Elegant implementation of Naive Bayes in just 10 lines of code

A tutorial on how to use a few tricks to implement a Naive Bayes model in just a few lines of code.
machine learning
nlp
Author

Augustas Macijauskas

Published

February 1, 2021

TLDR

This article is adapted from fast.ai’s Machine Learning for Coders course, specifically, lesson 10. I would highly recommend checking this and other courses from fast.ai, it has numerous tips on how to do practical machine learning and deep learning.

We will be building a naive Bayes classifier in just 10 lines of code that will get over 98% accuracy on a spam message filtering task.

We will do this in the top-bottom approach, where we will first build the model and then dig deeper into the theory of how it works.

Imports

Toggle cells below if you want to see what imports are being made.

Code
%reload_ext autoreload
%autoreload 2
%matplotlib inline

import matplotlib.pyplot as plt
import pandas as pd
import numpy as np
from sklearn.feature_extraction.text import CountVectorizer
from sklearn.linear_model import LogisticRegression
from sklearn.metrics import confusion_matrix

Data

We are going to use a dataset with 5572 messages in it. Unfortunately, I am unable to provide full access to this dataset, so you’ll have to take my word for what the contents of the dataset are.

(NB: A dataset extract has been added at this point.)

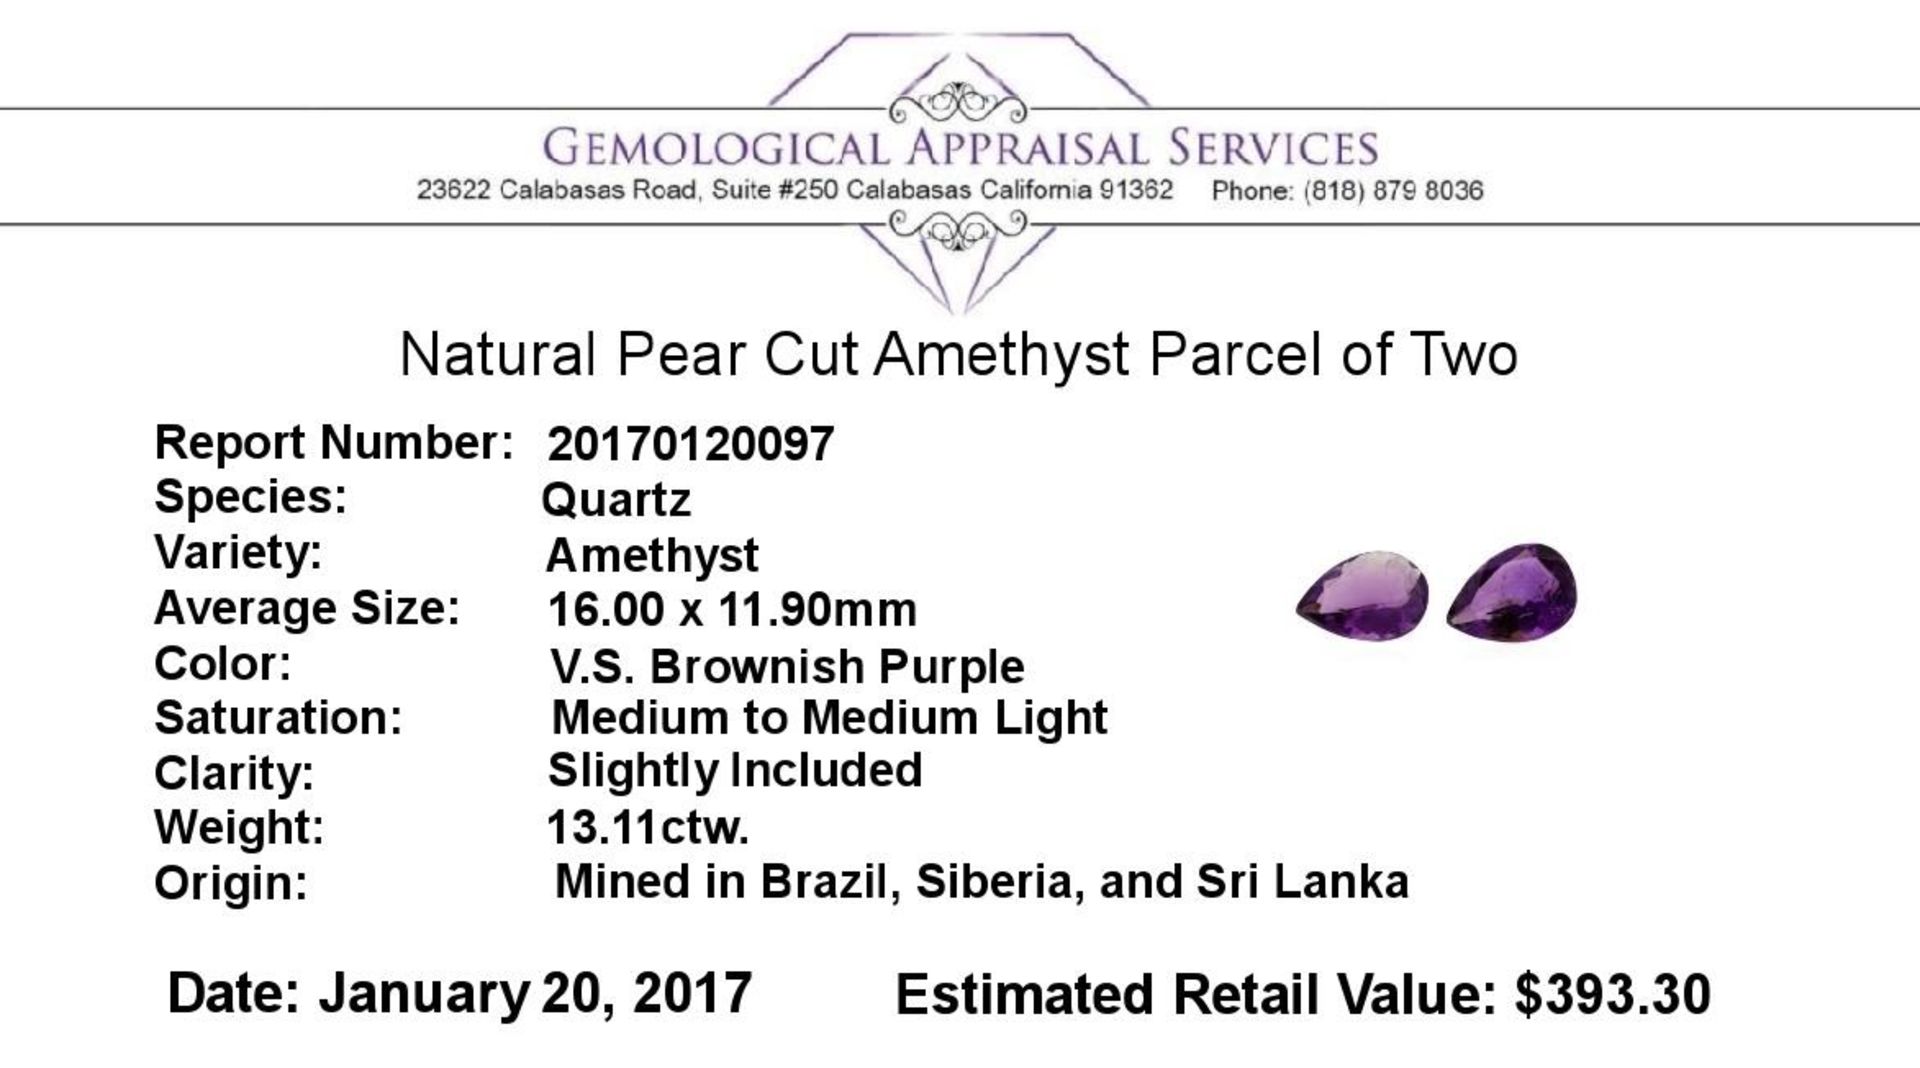 13.11 ctw.Natural Pear Cut Amethyst Parcel of Two - Image 3 of 3

Label of 0 means the message is not spam, and 1 means it is spam.

message label
0 Go until jurong point, crazy.. Available only ... 0
1 Ok lar... Joking wif u oni... 0
2 Free entry in 2 a wkly comp to win FA Cup fina... 1
3 U dun say so early hor... U c already then say... 0
4 Nah I don't think he goes to usf, he lives aro... 0
... ... ...
5567 This is the 2nd time we have tried 2 contact u... 1
5568 Will Ì_ b going to esplanade fr home? 0
5569 Pity, * was in mood for that. So...any other s... 0
5570 The guy did some bitching but I acted like i'd... 0
5571 Rofl. Its true to its name 0

5572 rows × 2 columns

The numbers of non-spam and spam messages are respectively:

(4825, 747)

Example spam message is:

"Free entry in 2 a wkly comp to win FA Cup final tkts 21st May 2005. Text FA to 87121 to receive entry question(std txt rate)T&C's apply 08452810075over18's"

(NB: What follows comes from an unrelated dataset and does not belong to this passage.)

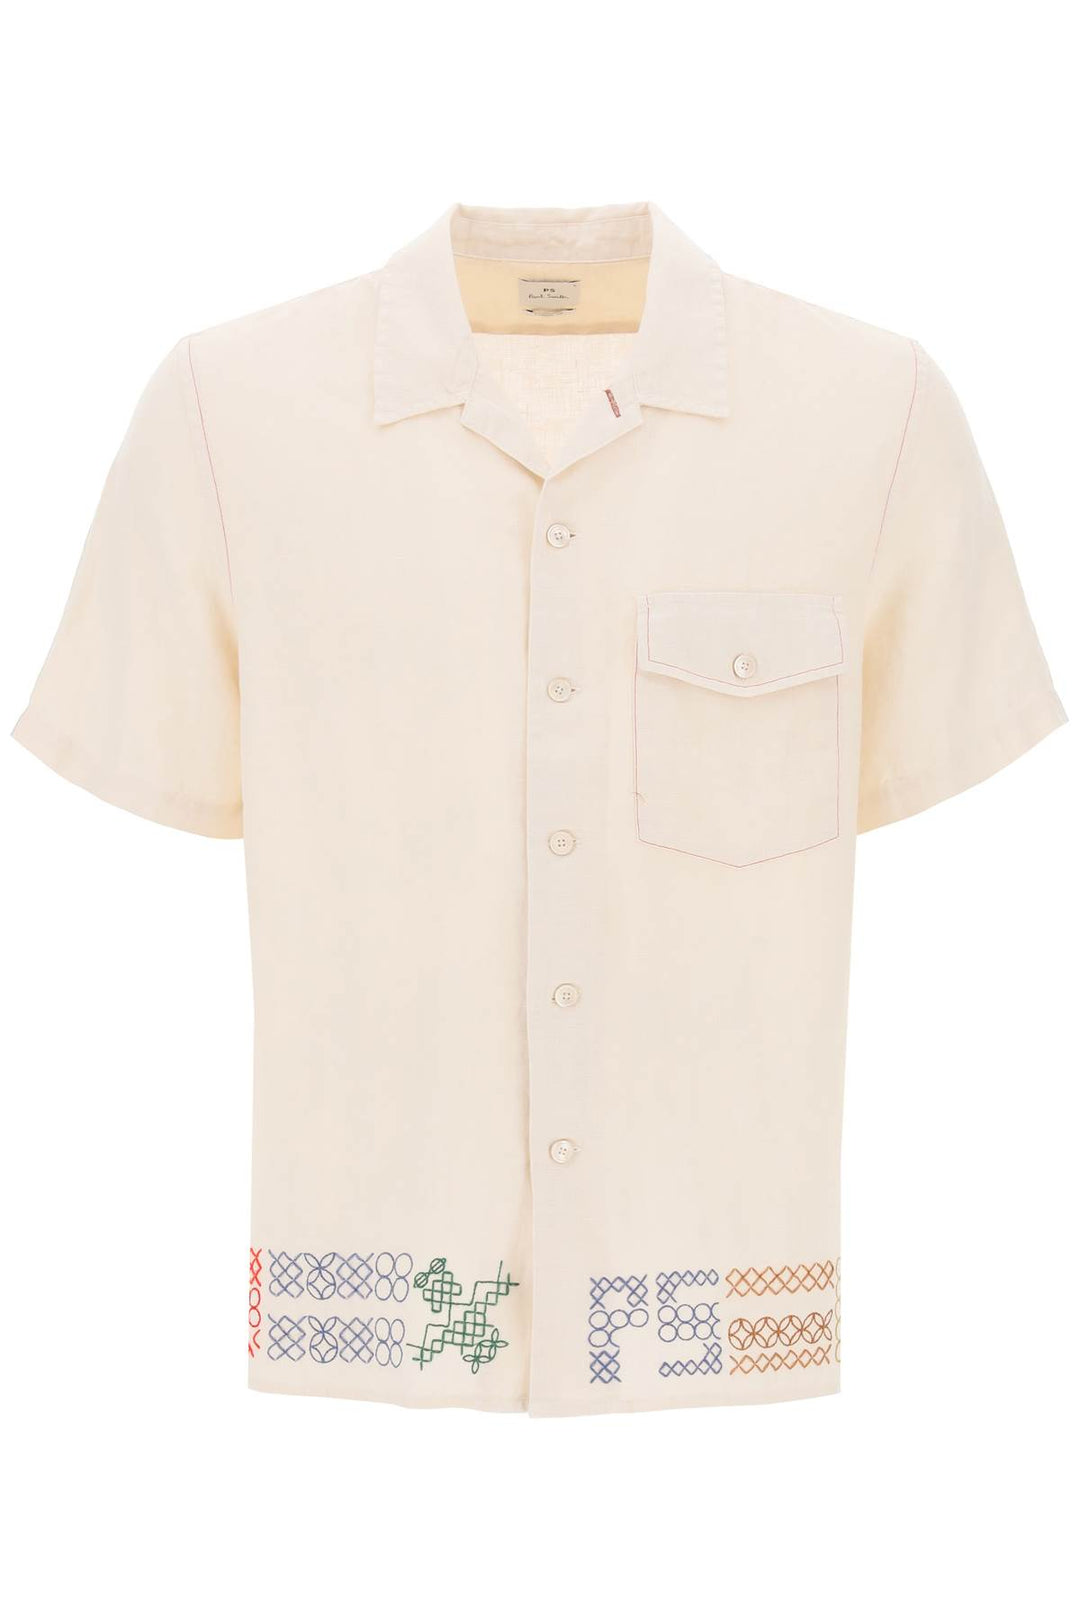 Ps Paul Smith Bowling Shirt With Cross Stitch Embroidery Details   Beige

Let’s split the data into train and test sets with 20% of data going into the test set:

train_ratio = 0.8
train_length = int(len(df) * train_ratio)
X_train = np.squeeze(df.drop(columns=["label"])[:train_length].values)
y_train = df["label"][:train_length].values
X_val = np.squeeze(df.drop(columns=["label"])[train_length:].values)
y_val = df["label"][train_length:].values

Building the model

Below I am going to provide the code for the model without too much explanation, and then in the next section I’ll discuss what is happening under the hood.

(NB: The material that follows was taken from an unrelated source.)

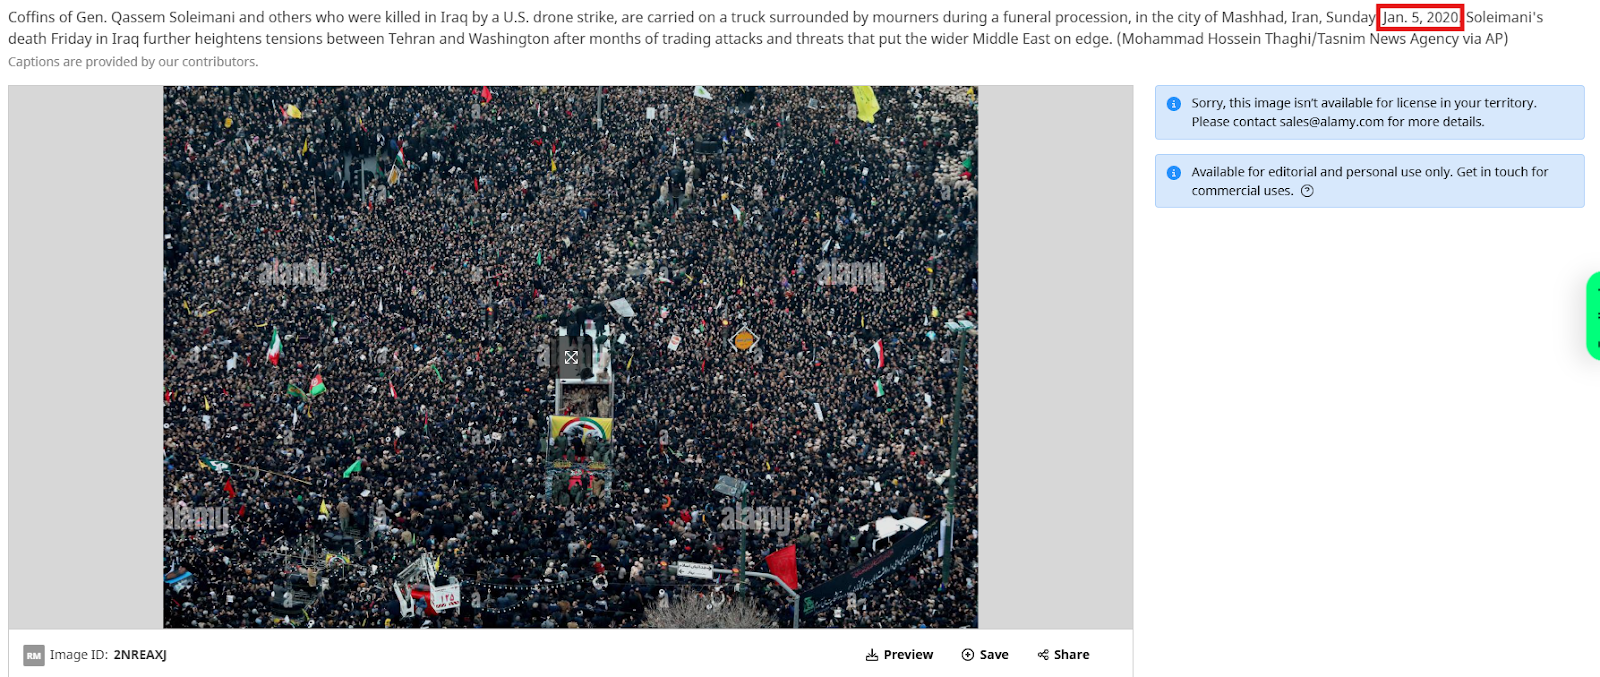 A large crowd of people

Description automatically generated

vectorizer = CountVectorizer(max_df=0.1)
train_term_doc = vectorizer.fit_transform(X_train)
val_term_doc = vectorizer.transform(X_val)

Let’s see what our example spam message got turned into:

X_train[2]
"Free entry in 2 a wkly comp to win FA Cup final tkts 21st May 2005. Text FA to 87121 to receive entry question(std txt rate)T&C's apply 08452810075over18's"

has become:

'free entry wkly comp win fa cup final tkts 21st may 2005 text fa 87121 receive entry question std txt rate apply 08452810075over18'

As you can see, some words did not make it into the vocabulary because they were too common (e.g. the word “in”), and punctuation and apostrophes were also left out. This is not ideal and it would probably be a good idea to try a better tokenizer, and although we won’t do that here, you can try finding one yourself. A good place to start would be here.

Since we we’ll be using Bayes’ theorem, note that here p stands for probability of features given spam, q stands for probability of features given non-spam, and b encodes the probabilities that a document is of a certain class (or what Bayesians call priors).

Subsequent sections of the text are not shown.